Nagle dzieweczka zdała mi się jako czarna i piękna oblubienica, o której powiada Pieśń nad Pieśniami.Ubrana była w znoszoną sukienkę z grubego sukna, która otwierała się w sposób nader bezwstydny na piersi, a na szyi naszyjnik z kolorowych i, mniemam, bardzo tanich kamyków. Ale głowa wznosiła się dumnie na białej szyi niby wieża z kości słoniowej, a jej oczy były jasne jak sadzawki w Hesebonie, nos był wieżą Libanu, warkocze jej głowy purpura. Tak, jej włosy zdały mi się niby trzoda kóz, zęby niby trzoda owiec, które wyszły z kąpieli, wszystkie mające po dwojgu jagniąt, a niepłodnej nie masz między nimi. „O jakżeś piękna, przyjaciółko moja, o jakżeś piękna! —szepnąłem —włosy twoje jak stada kóz, które zstąpiły z góry Galaad, jak wstęga karmazynowa wargi twoje, jak płatek jabłka granatowego tak jagody twoje, szyja twoja jak wieża Dawidowa, tysiąc tarcz wisi na niej.” I rozważałem, przerażony i porwany zachwyceniem, kimże była ta, która powstawała przede mną niby zorza, piękna jak księżyc, jaśniejąca jak słońce, terribilis ut castrorum acies ordinata [88] .

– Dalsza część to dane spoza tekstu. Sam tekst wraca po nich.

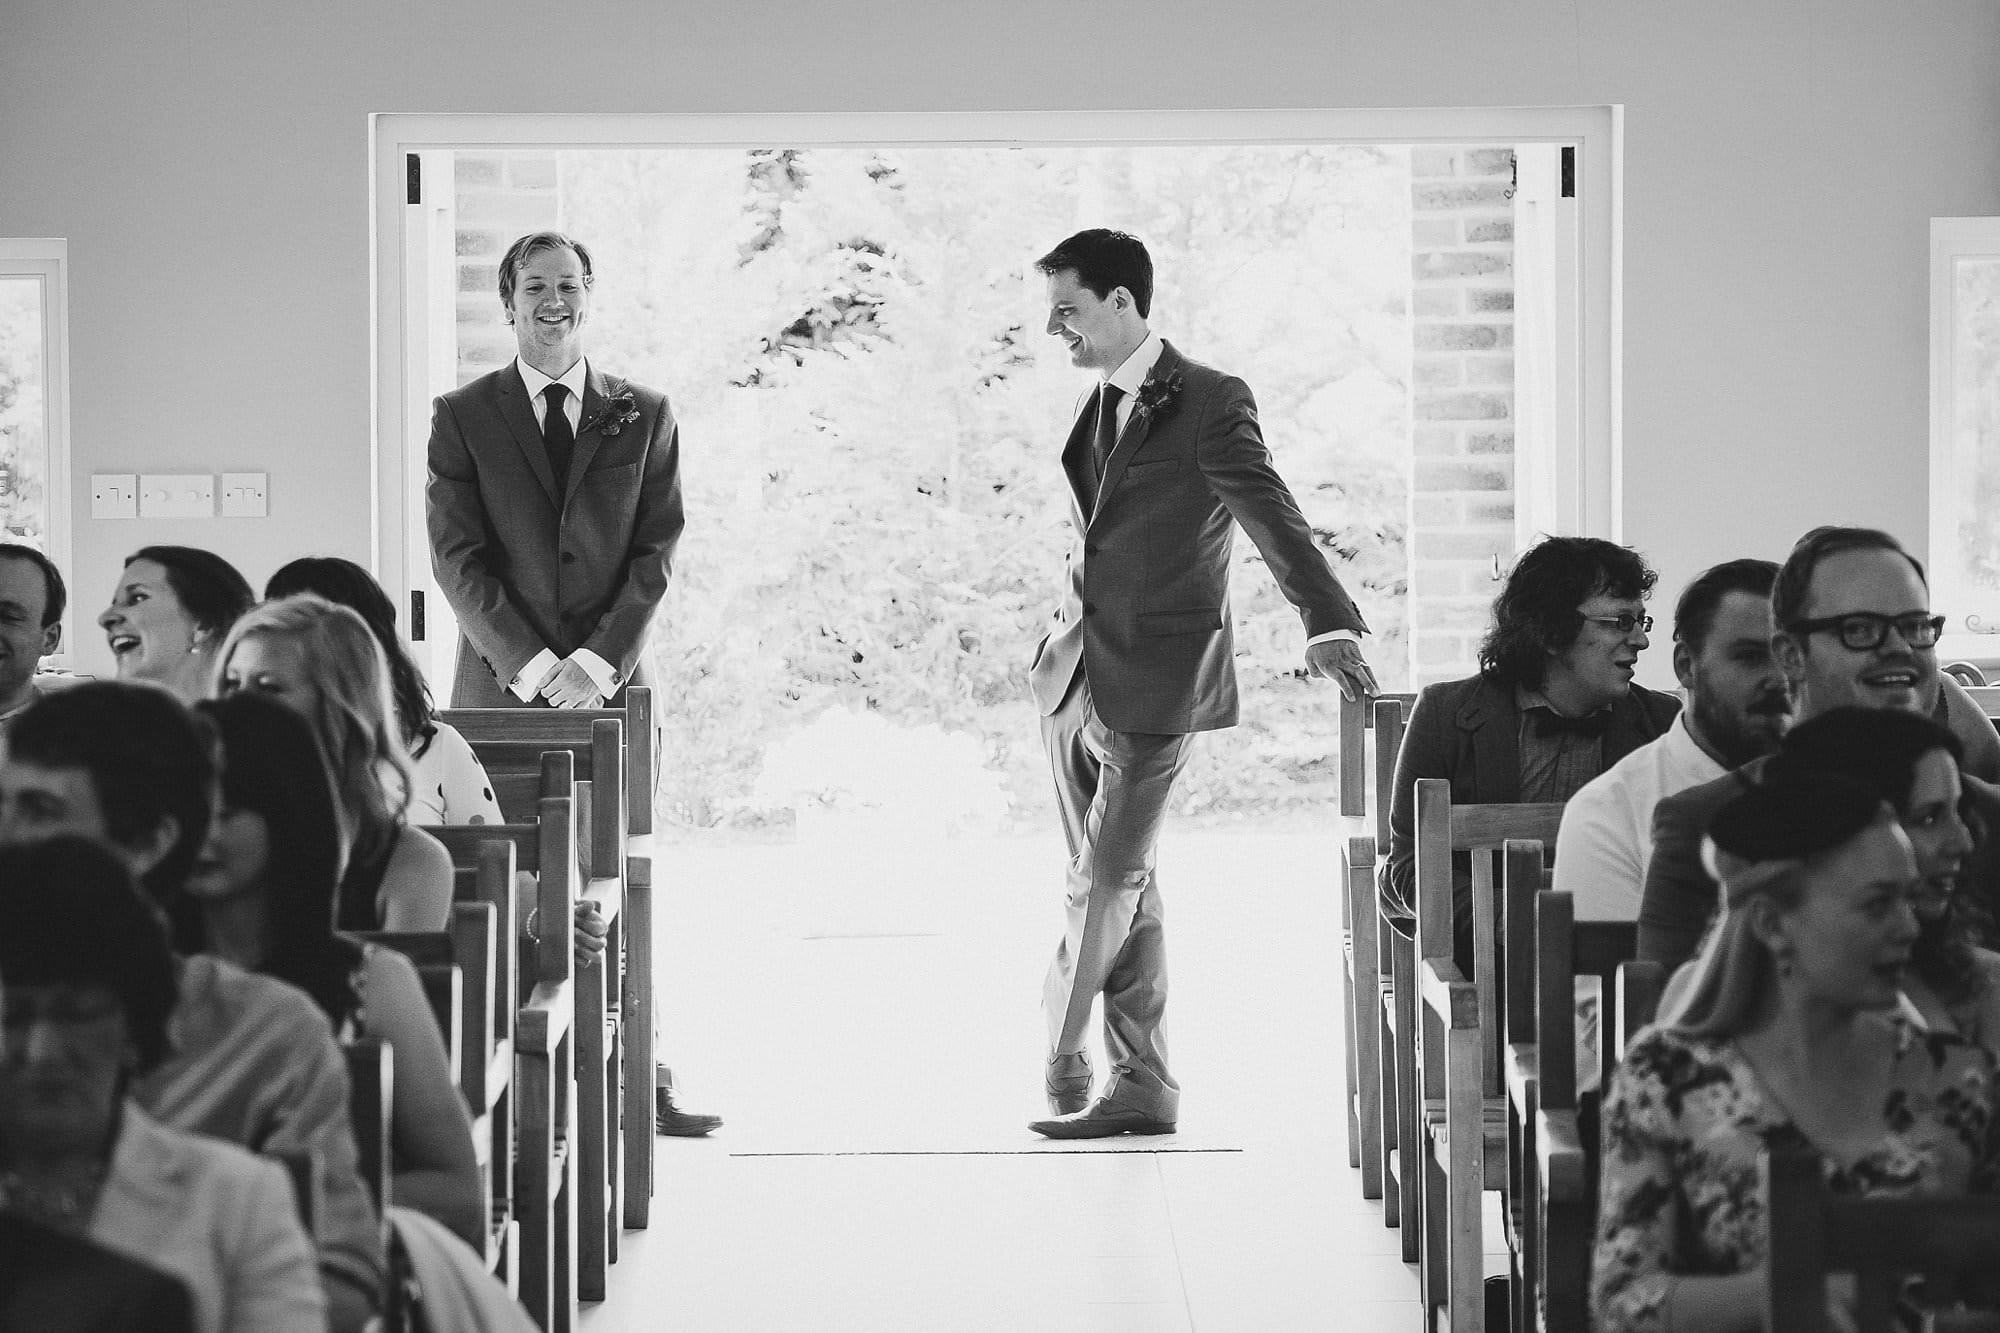 oaks farm wedding photographer cj 035 - Cat + Jake   Oaks Farm Wedding Photography

Wtenczas stworzenie zbliżyło się do mnie jeszcze bardziej odrzucając w kąt ciemne zawiniątko, które dotychczas tuliło do piersi, i raz jeszcze uniosło dłoń, by pogładzić mi lico, i raz jeszcze wypowiedziało te same słowa, co przed chwilą. I kiedy nie wiedziałem, uciekać li czy zbliżyć się bardziej, a w głowie pulsowało mi, jakby trąby Jozuego rozbrzmiały, by runęły mury Jerycha, i pożądałem jej, i lękałem sieją tknąć, ona uśmiechnęła się z wielką radością, wydała uległy jęk rozczulonej kozy, rozwiązała do końca sznurówki, przytrzymujące jeszcze suknię na piersiach i suknia zsunęła się z ciała niby tunika, i oto dzieweczka stała przede mną tak samo jak Ewa, kiedy ukazała się Adamowi w ogrodzie Edenu. „Pulchra sunt ubera quae paululum supereminent et tument modice” [89] —szepnąłem powtarzając zdanie, które usłyszałem z ust Hubertyna, albowiem jej piersi wydały mi się niby dwoje bliźniątek u sarny, które pasą się między liliami, pępek, niby czara toczona, która nigdy nie jest bez napoju, brzuch jak bróg pszenicy otoczony liliami.